You need internal documents to build the knowledge base. These documents may contain confidential information.

Do this instead:

  1. Start with documents that are already broadly shared internally (company wiki, public-facing docs, general process guides)
  2. Avoid documents with financial data, personnel information, or strategic plans
  3. If you need higher-classification documents, get approval and use only tools authorized for that level
  4. In your submission, clearly state what document types were indexed and their classification level

"I need to demo with real data to show it works"

Sometimes stakeholders will not be convinced by synthetic data. That is fair.

Do this instead:

  1. Get approval for a small, controlled sample of real data
  2. Use it only in approved tools
  3. Delete the sample after the demo
  4. Document what you used and that it was deleted
  5. In your submission, note that the demo used approved real data and describe the controls you applied

What To Do If Something Goes Wrong

You accidentally sent sensitive data to an unauthorized tool

  1. Stop using the tool immediately
  2. Report it to your security team or IT within 24 hours (sooner is better)
  3. Document what data was sent, to which tool, and when
  4. This is an incident, but reporting it promptly and honestly is always the right move. Covering it up is worse.
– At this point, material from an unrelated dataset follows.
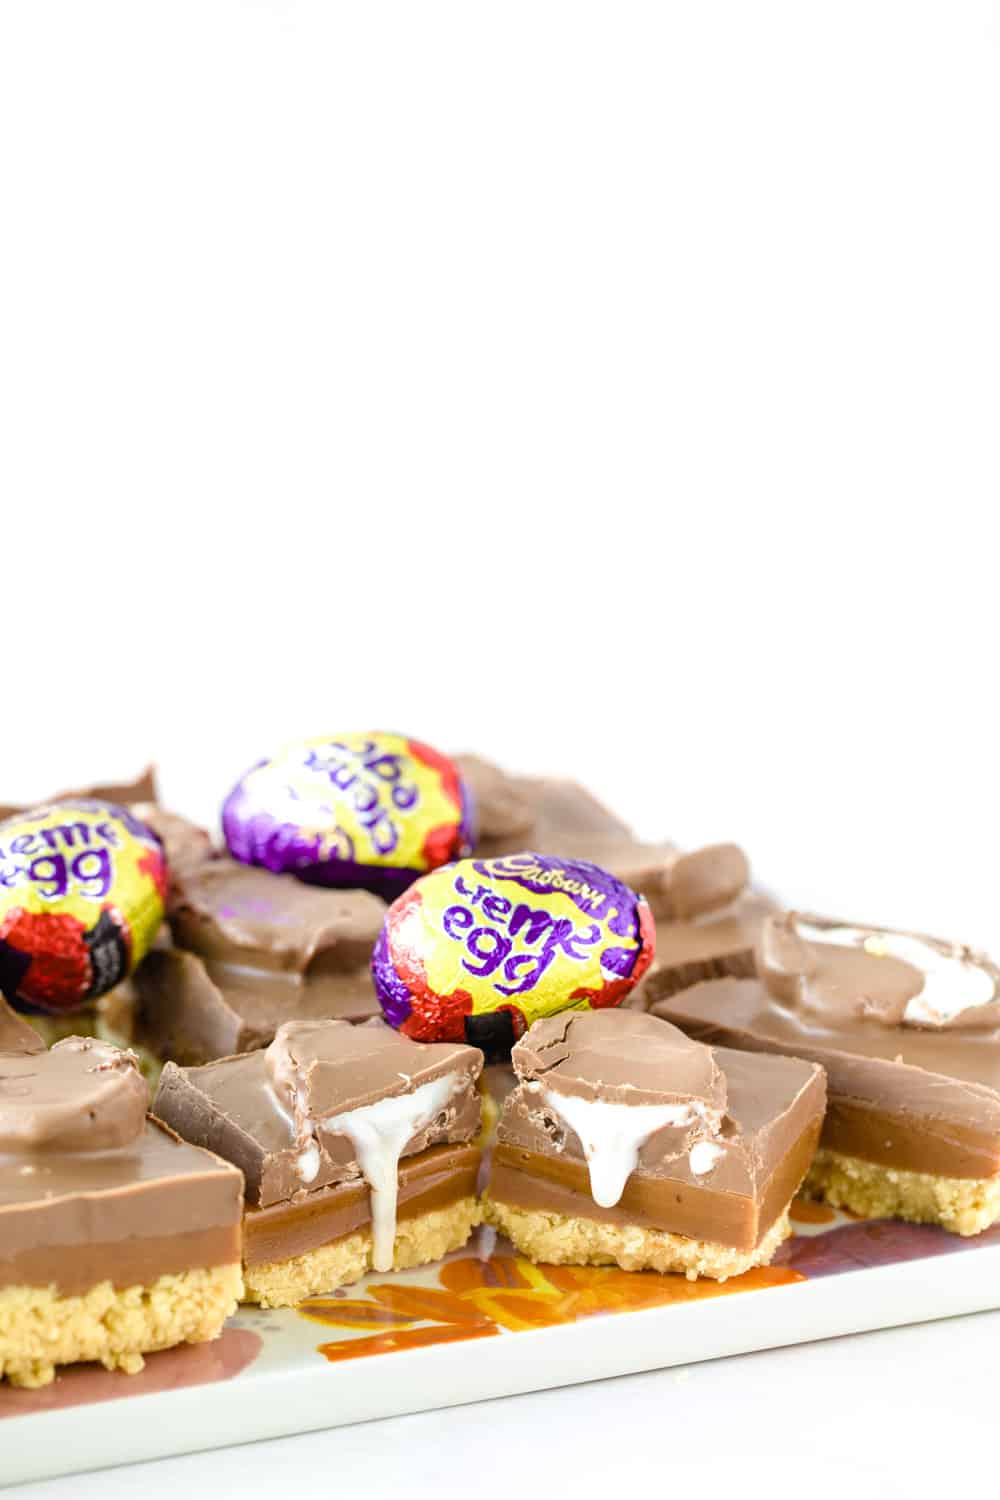 Slices of Creme egg caramel shortbread with Creme eggs on top

You found sensitive data in a shared repository

  1. Do not share it further
  2. Notify the repository owner immediately
  3. If it contains credentials (API keys, passwords), those credentials need to be rotated now, not later

You are unsure whether data is sensitive

Ask. Contact your security team, your manager, or the data owner. The 5 minutes it takes to ask is worth it compared to the weeks a data incident investigation takes.

Checklist Before Submitting Your Prototype

Before submitting to the prototype review process, verify:

  • No real PII, customer data, or restricted data in your codebase or demo
  • No hardcoded API keys, passwords, or credentials in source code
  • .env files are in .gitignore
  • Data sources are documented: where it came from, classification level, who approved it
  • All tools used are on the approved tools list
  • If you used real data for testing, it is documented and the sample was handled per guidelines
  • Screenshots and demo videos do not expose sensitive data (check those terminal outputs and browser tabs)

Final Note

Security in prototyping is not about preventing innovation. It is about innovating without creating risk. The fastest way to get a promising prototype killed is a security incident during development. Protect your own work by handling data correctly from the start.